SIMD and MMX programming

invidia

Platinum Member
Oct 8, 2006
2,151
1
0
I'm stuck on this problem and quite new to assembly, so bear with me.

I'm suppose to make a SIMD version of it. I was trying to program it with MMX set.
a1 and a2 is just an array of 256 random integers. When I run this code, their outputs don't match. The pointers are throwing me off and confusing me. Plus, I'm new to assembly. Any suggestions?

// Regular C++ code
void Add(unsigned char *a1, unsigned char *a2, unsigned short *out){
for (int j = 0; j < 256; j++){
out[j] = a1[j] + a2[j];
}
}


//SIMD version of the above
void AddSIMD(unsigned char *a1, unsigned char *a2, unsigned short *out){

__asm{
mov eax, dword ptr [a1];
mov ecx, dword ptr [a2];
mov edx, dword ptr [aOut];

movdqu xmm0, XMMWORD ptr [eax];
movdqu xmm1, XMMWORD ptr [ecx];
paddd xmm0, xmm1;
movdqu XMMWORD ptr [edx], xmm0;
}
}
 

Ken g6

Programming Moderator, Elite Member
Moderator
Dec 11, 1999
16,836
4,816
75
OK, there are quite a few issues here. First, I notice that out is an array of shorts, while the other arrays are chars. Are those shorts supposed to be 16 bit, while the chars are 8-bit? As I recall, there is an instruction to take 4 8-bit values in a word, and break them out into 4 16-bit values in a dword. You probably need to do that for both a1 and a2.

Next, you have a loop in the c++ code. You haven't implemented a loop in the assembly code. Instead of incrementing by one byte, you'll need to increment by 4 with each iteration. You might increment eax and ecx by 4 and edx by 8. Conversely, loops often decrement in assembly, so you could store the base value for one pointer in e.g. ebx, move all the other pointers to their respective ends, and work backwards until that one pointer matches ebx. Or, I imagine, you could put the loop outside the __asm block.
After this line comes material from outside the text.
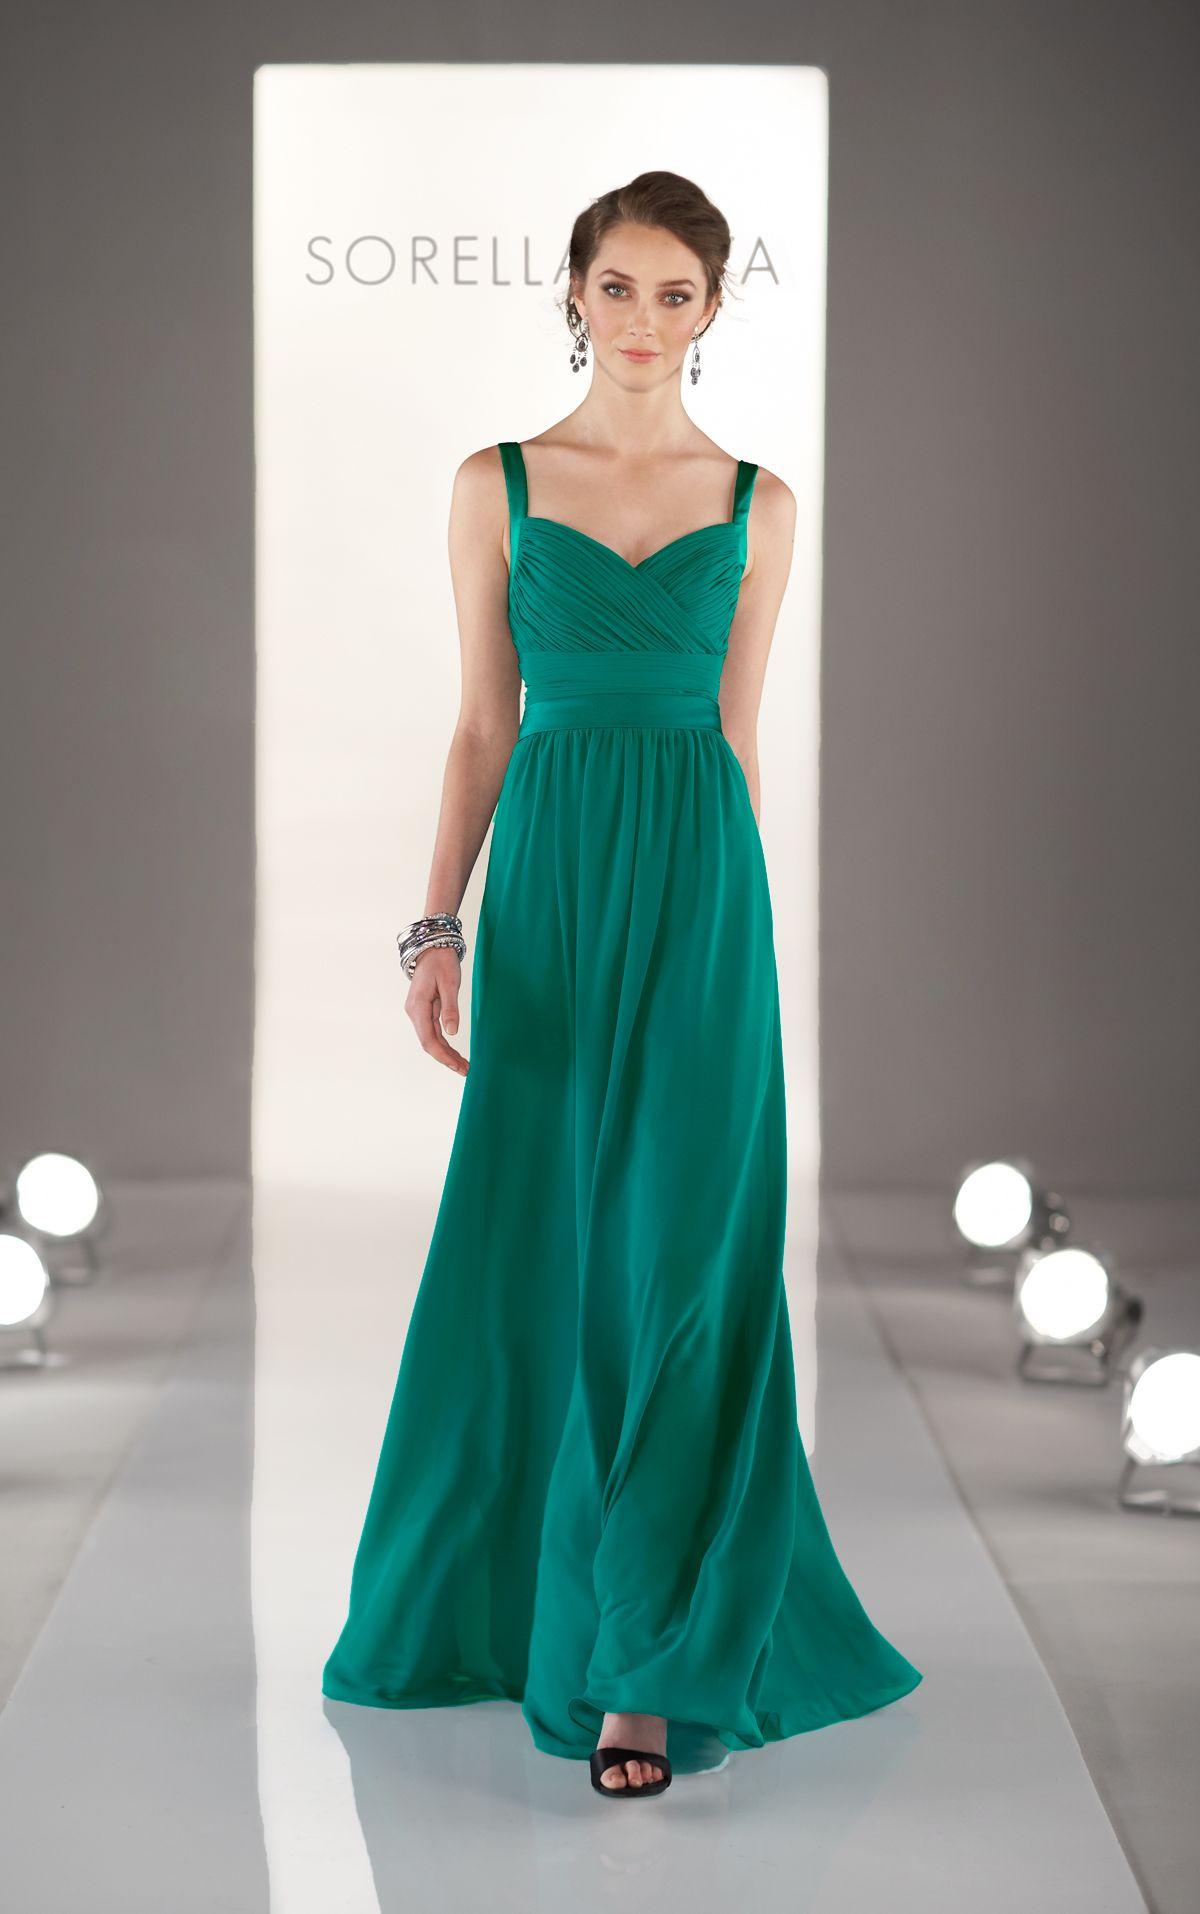 Sorella Vita 8380 Zoom | Katy\'s wedding | Pinterest | Mint green ...
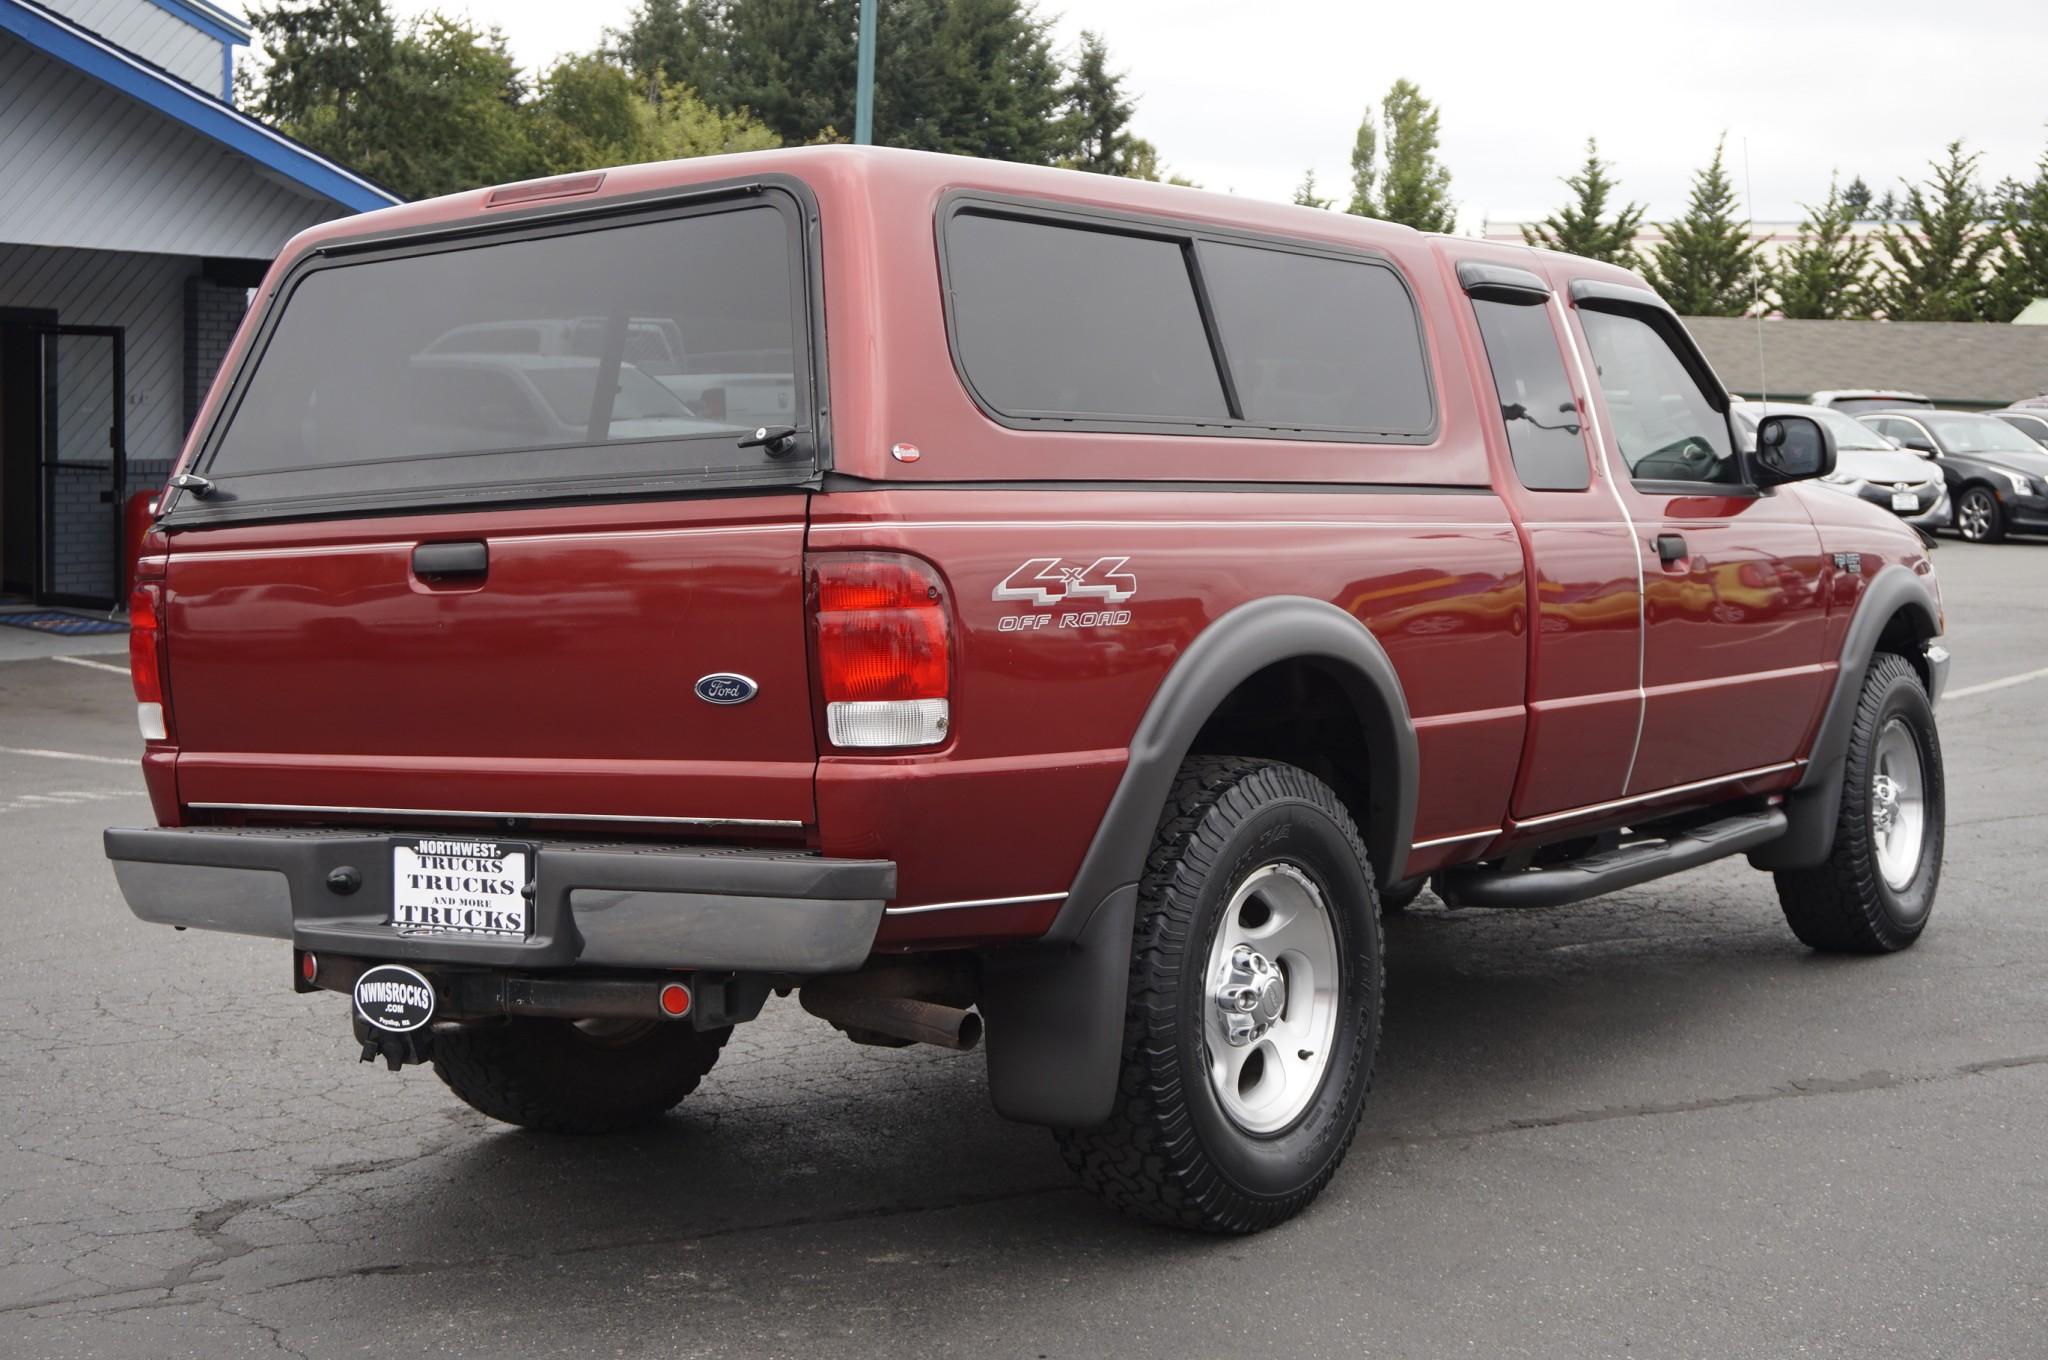 used 2000 ford ranger xlt 4x4 truck for sale 33709a. Black Bedroom Furniture Sets. Home Design Ideas

Finally, I hear that SSE2 allows doing everything MMX does, but with twice the values.
 

Ken g6

Programming Moderator, Elite Member
Moderator
Dec 11, 1999
16,836
4,816
75
I was hoping you'd come by with some answers. Those look great; I'll have to try them!

P.S. Mind if I quote you?
 

invidia

Platinum Member
Oct 8, 2006
2,151
1
0
Thanks, but code has to be inline assembly using the MMX registers. I don't think we can use SSE and higher yet. Sorry I don't have a copy of the updated code, but I added a loop and have it increment correctly. When I debug/test it, the xmm0 and xmm1 registers load the first 16 numbers of each array correctly.

But when I do the the addition with paddd, there is wraparound? or saturation (not sure which) if the resulting sum is over 256 (ie. 240 + 230 = 470, but the result in the array comes to 214). I'm guessing there's some type of overflow and not sure how to handle it.


EDIT: In fact, there was no mention of whether I have to use inline assembly or not, so I'll give the intrinics a shot. Thanks degibson.
 

Ken g6

Programming Moderator, Elite Member
Moderator
Dec 11, 1999
16,836
4,816
75
To handle the overflow, you need to work with the numbers as 16-bit numbers (words). To convert your 8-bit numbers to 16-bit numbers, you need the PUNPCKLBW instruction (and the PUNPCKHBW instruction if you load 64 bits at a time), with the first argument the double word you loaded, and the second full of 0's.

P.S.: Hint: If you're using xmm registers, and loading 16 bytes at a time, you're using SSE2. :)
 

degibson

Golden Member
Mar 21, 2008
1,389
0
0
Originally posted by: Ken g6
I was hoping you'd come by with some answers. Those look great; I'll have to try them!

P.S. Mind if I quote you?

I don't mind a quote taken out of context, provided it is sufficiently entertaining. It is ;-)